The only place the points mattered was in the middle where all eight seams came together. That is almost always a problem. On one of these blocks, I sewed the pieces together with the paper still attached. Never having done that before, it was a disaster. The points didn't come close to matching in the center.

So, once I removed all the (foundation) paper backing, which is sometimes more time consuming that crafting the entire block, I took all the seams apart. I had real second thoughts about that because what I was left with was a giant gaping hole in the center. The more I messed with it, the more the fabric began to fray. I was thinking there wouldn't be enough fabric left to make it work. I assumed I'd have to just toss that block and make another one. Much to my surprise though, I was able to sew all the seams together again. The points looked pretty good. I like to call that a quilting success. It doesn't happen often in cases like that, but I was pleased with how it turned out.

This was an easy block to construct. There are a variety of ways to do this, but I used a pattern I found online. There are oodles of them.

I just hope Jenny likes it. Now, off to the post office.

Saturday, October 3, 2015

A little better...

I think I fixed it, at least a little.

spider web table runner

While I won't say I'm happy with this, I am at least somewhat appeased with the project I wrote about recently--a Halloween table runner I created--as the second of three I am making for my daughter, Jenny. She is a total Halloween freak and said she wanted something very dark.  The border glows-in-the-dark.

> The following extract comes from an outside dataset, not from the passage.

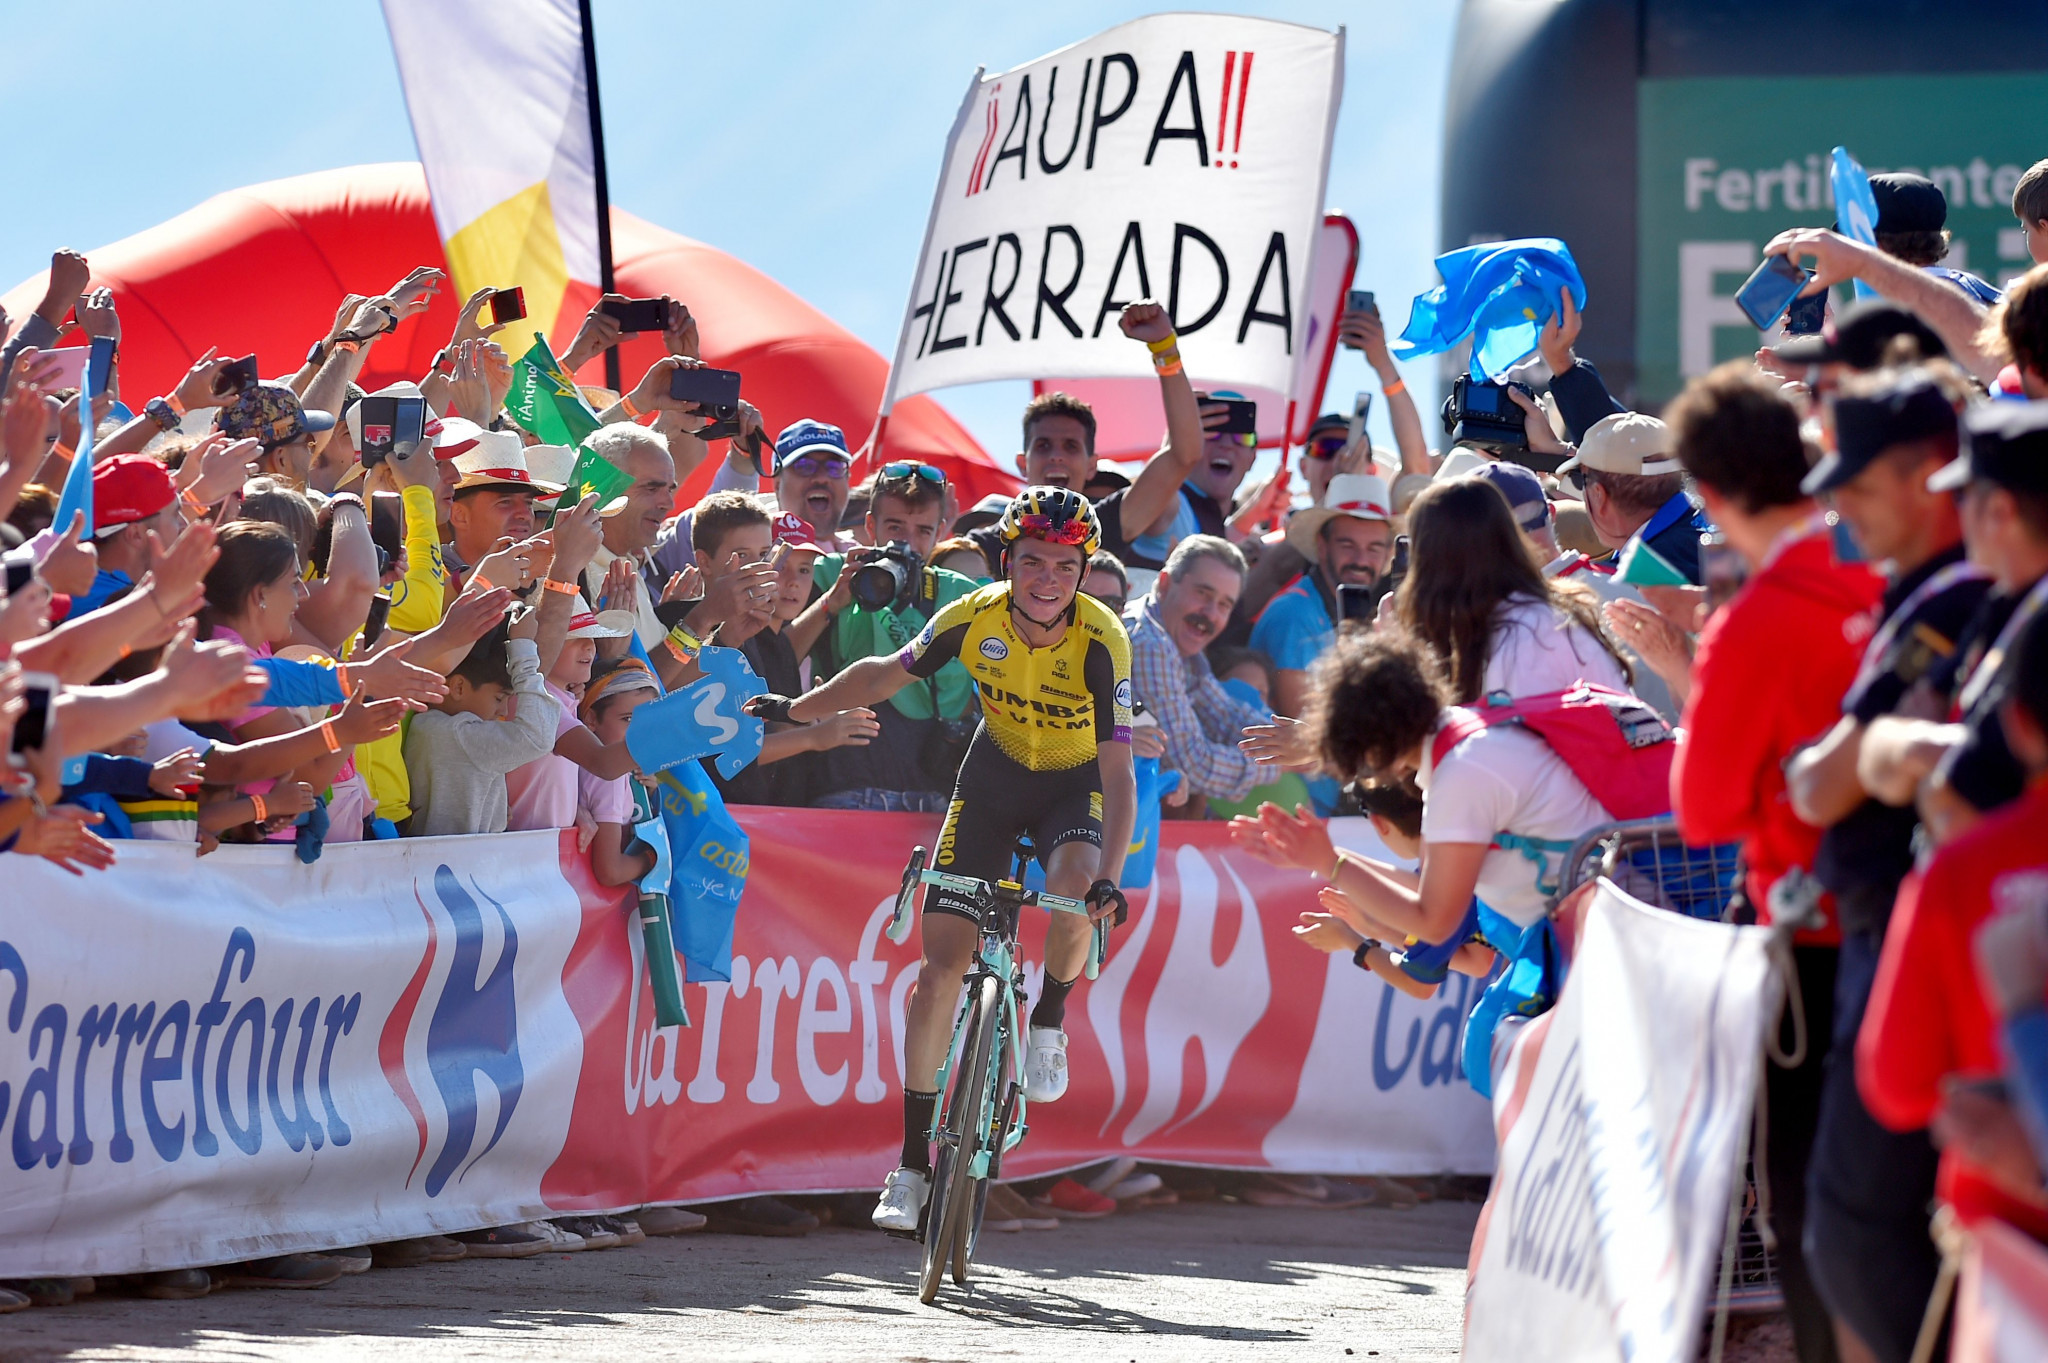 Kuss clinches stage 15 win at Vuelta a España as Roglic and Valverde gain time

spider web table runner blockI admit this was a difficult task for me. I love quilts, which I feel are beautiful works of art. And, I admit I am a more paisley, daisy, color-loving kind of person. So this was certainly not in my wheel-house. By the way, Jenny does not get her Halloween adoration from me. It is not a holiday I celebrate.

I did the best I could though. I was really unhappy with how it looked initially. I thought the quilting would help, but with black thread, it is practically invisible. Even the washing and drying process failed to reveal the spiderweb design I quilted into the center of the three squares.

So, my solution: I added a little fuzzy white yarn to enhance the web and at the same time, tone down the rows of skulls in the center of the block. They might have been OK if they were all one piece. But pieced skulls just didn't cut it. This project totally did not turn out like I envisioned, but, can't win 'em all, I guess. Thankfully, this is a once per year occurrence. It will soon be Jenny's to do with as she pleases.